Larry Lessig, articulate and impassioned, keeps at the task he has set himself in arguing the case for political reform. It has led him to experiment: as in setting up a Super PAC, which is not what a campaign finance reformer would be expected to do. Now he is on to something new, considering a run as a Referendum President who would bid for a mandate for political reform and then, if successful, serve only as long as needed to bring the reform about. Then power would pass to the Vice President and he, Lessig, would depart the stage.

This “referendum” candidacy is also a reform proposal, a call to evaluate on exceptional criteria the merits of a Presidential campaign and the performance of a President. It can be considered separately from the soundness of the specific measures that, as President, he would press Congress to adopt on campaign finance, voting rights and redistricting. The question the candidacy raises is how he proposes to campaign for those measures, and what sort of Presidency he is arguing for, and one has to assume that he is promising a candidacy, then a Presidency, that meets fundamental expectations for a better, reformed politics. It would take the voters seriously, engaging them in a substantive exchange on the merits of this way of thinking about the election of a President.

Lessig argues his case on the basis of history and on the particular impact of the political reforms he would make the centerpiece of his campaign. In one video release, he presents the case of Eugene McCarthy, contending that without McCarthy’s challenge to Lyndon Johnson in the Democratic primary, the issue of the war in Vietnam would have been “invisible”—“the one issue”, but for the McCarthy candidacy, “that no one [would have] wanted to talk about.” He means to suggest that the same fate could be waiting for campaign finance and other political reforms in this election—unless there comes to pass a reform candidacy like his own.

This is a puzzling statement. Can it really be said that in 1967 and 1968, the Vietnam War was the “one issue no one wanted to talk about”? As McCarthy pointed out in his announcement, thousands of American lives had been lost, ten and more times as many Vietnamese civilian casualties, and the United States was spending $2 to $3 billion a month on the war effort. McCarthy was recruited by a fiery anti-war movement in his own party. There was no chance that in the election of 1968, the war would have been “invisible.”

Professor Lessig also argues that the enactment of political reforms would clear the way for major public policy questions to be successfully addressed. He contends that campaign funding explains stalemate on issues like student debt or climate change. A Presidency committed to political reforms, and that would end with their enactment, is justified by the wide impact that just these reforms would have on sound governance.

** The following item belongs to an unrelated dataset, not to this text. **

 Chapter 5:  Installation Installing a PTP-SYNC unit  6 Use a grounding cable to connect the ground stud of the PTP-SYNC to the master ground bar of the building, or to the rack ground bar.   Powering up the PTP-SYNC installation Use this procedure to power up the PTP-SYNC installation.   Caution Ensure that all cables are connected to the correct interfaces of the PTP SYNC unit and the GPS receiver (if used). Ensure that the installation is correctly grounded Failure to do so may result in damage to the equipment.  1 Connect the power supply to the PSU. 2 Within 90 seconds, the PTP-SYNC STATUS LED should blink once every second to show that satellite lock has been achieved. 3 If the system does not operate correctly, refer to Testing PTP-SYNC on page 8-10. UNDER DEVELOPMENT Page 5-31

The social science literature does not support him on this point; and neither do specific case studies. See, e.g. Michael Graetz and Ian Ayres, Death by a Thousand Cuts (2005).   There is a difference between emphasizing campaign funding as a public policy concern, and overstating what the reforms he proposes will accomplish. At a minimum, Lessig might say with specificity how progress on these other issues will depend on campaign funding reform, and what shape a post-reform legislative resolution would take. It seems not enough to say that all will be well with these reforms, without answering the question: how?  Of course, if Professor Lessig did elaborate on his views on sound policy—if he did go to the details—then his candidacy would move from a “referendum” to a regular candidacy.

Perhaps a source of the difficulty here is Lessig’s pivot on ultimate aim of these political reforms. At one point he was speaking in the language of “corruption,” and very concentrated on this theme. Then, inspired by the equality theorists like Rick Hasen, he has come to believe that the principal objection has to be unequal citizenship, or political inequality. The choice of one or the other “theory of the case” is consequential.

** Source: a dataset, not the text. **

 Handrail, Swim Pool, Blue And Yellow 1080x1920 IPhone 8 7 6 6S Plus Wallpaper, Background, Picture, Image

For if you argue corruption, then you believe that the interests of campaign funders fundamentally dominate the system, and campaign finance reform gives good policy a fighting chance. How things will turn out when the effects of money is neutralized may be unknowable. But if it is the key to all things, then reform of this stripe must lead to improvement across-the-board.

On the equality theory, the claim is that reform is necessary to counter the anti-democratic effects of campaign funding controlled by a few. Those effects, in the aggregate, are complex. They affect the quality of campaigns and the pool of candidates willing or able to wage them. They cannot be discounted in assessing the course of legislation and policy, even if the range and nature of the effects are open to question.   The public may not rank political inequality of this kind at the top of their list of concerns, but they care, and it weakens confidence in government, particularly when it is not performing to their satisfaction and there is a fear that it must be the result of a “rigged” system.

This all seems a good enough case for political reform and it can be presented impressively, as Hasen has done in various writings and as Professor Lessig did in some respects in his book Republic Lost. It is less clearly sufficient to win the day for a “referendum” candidacy that oversells these reforms and suggests that failing to give them priority will cause them to be “invisible.”